# Why the function is discontinuous at a=1 given f(x)= 1-x^2 if x < 1 and f(x)= 1/x if x >= 1?

Oct 11, 2016

The limit as $x$ approaches $1$ does not exist so it the function is discontinuous at $x = 1$.

#### Explanation:

There are three requirements for a function $f$ to be continuous at a $x = a$:

(i) $f \left(a\right)$ exists
(ii) ${\lim}_{x \to a} f \left(x\right)$ exists
(iii) $f \left(a\right) = {\lim}_{x \to a} f \left(x\right)$

PART 1 We will check if $f \left(1\right)$ exists. Because $1 \ge 1$, we use $f \left(x\right) = \frac{1}{x}$

$f \left(1\right) = \frac{1}{1} = 1$

$\textcolor{b l u e}{f \left(a\right) \text{ exists}}$

PART 2 We will check if ${\lim}_{x \to a} f \left(x\right)$ exists. And to do this, we will need to check if the right-hand limit and the left-hand limit are equal.

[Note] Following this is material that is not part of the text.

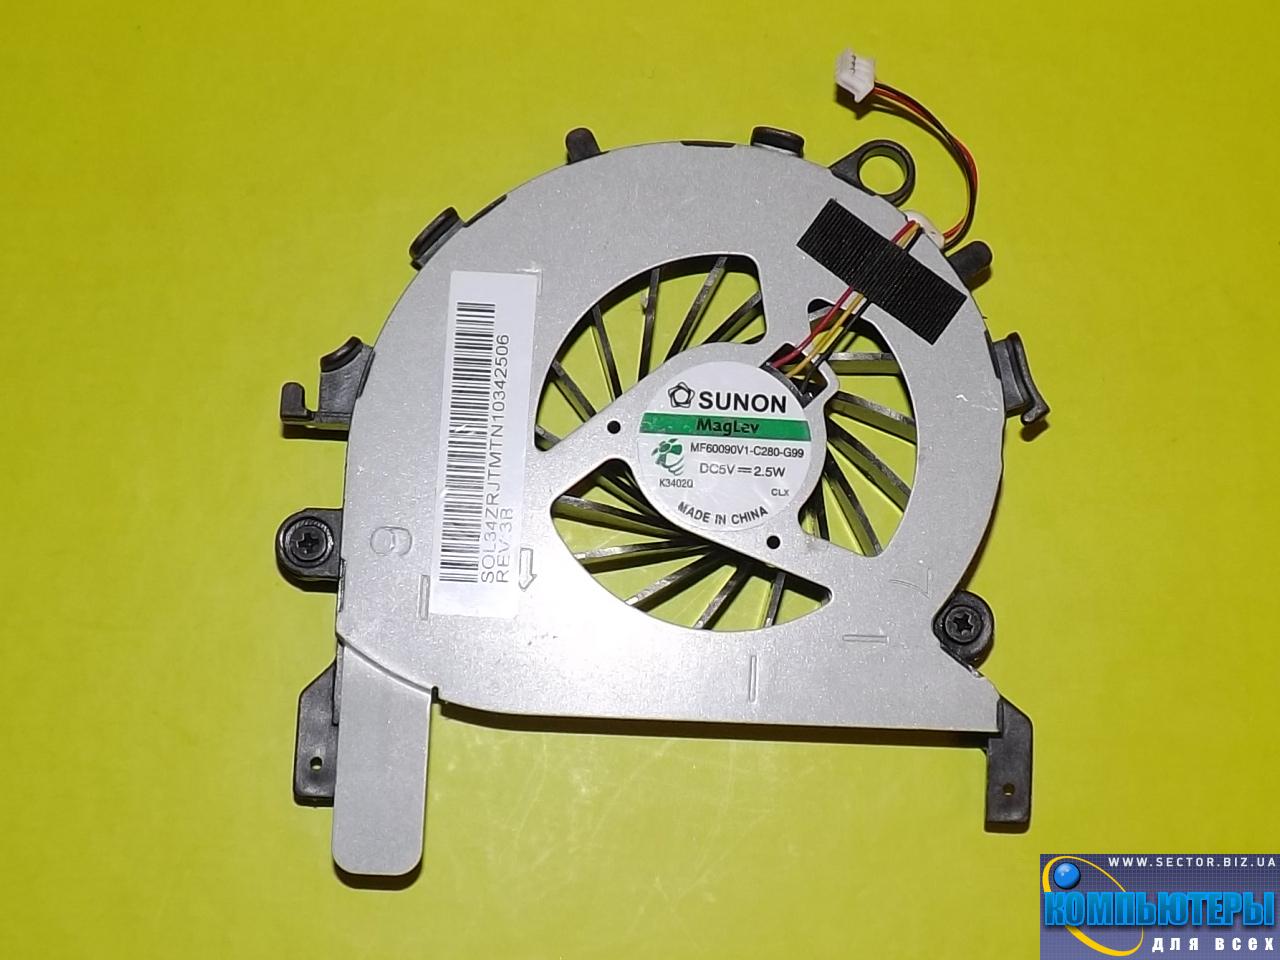 Кулер к ноутбуку Acer TravelMate 5360 5760 5760G 5760Z 5760ZG p/n: MF60090V1-C280-G99. Фото № 2.
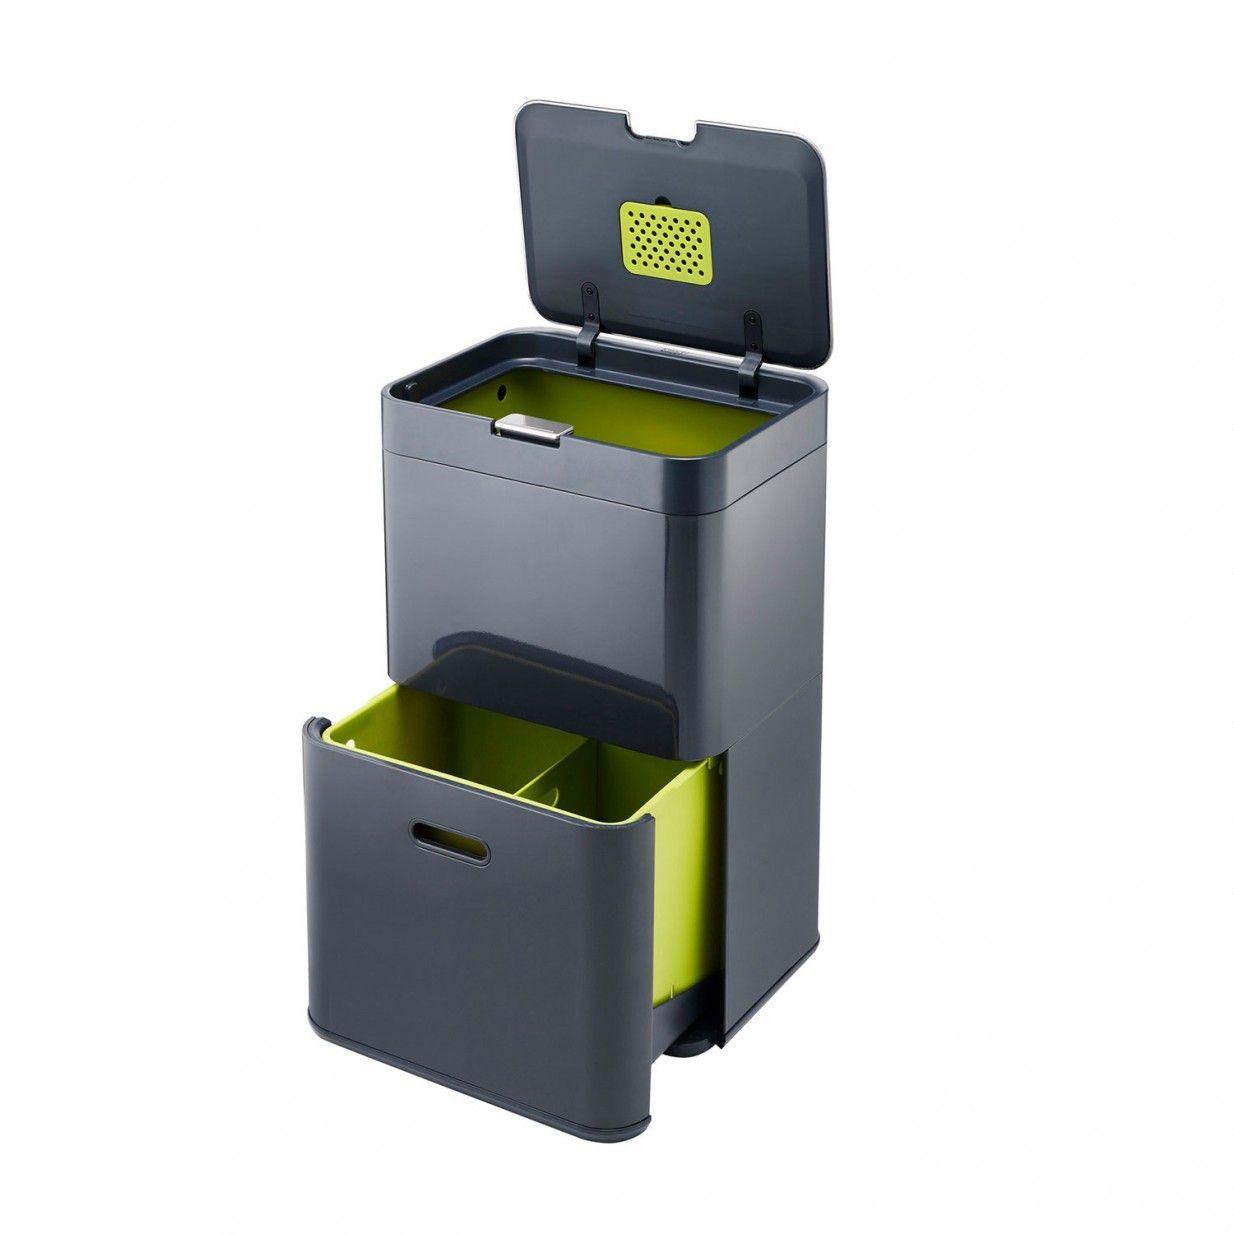 Recycling Mülleimer totem 48 mülleimer dklgrau joseph joseph interior

${\lim}_{x \to {a}^{+}} f \left(x\right)$
${\lim}_{x \to {1}^{+}} \frac{1}{x} = \frac{1}{1} = 1$

${\lim}_{x \to {a}^{-}} f \left(x\right)$
${\lim}_{x \to {1}^{-}} \left(1 - {x}^{2}\right) = 1 - {1}^{2} = 1 - 1 = 0$

Since the right-hand limit and the left-hand limit are not equal, then the limit as $x$ approaches $1$ does not exist.

The second requirement is not true, therefore the function is discontinuous.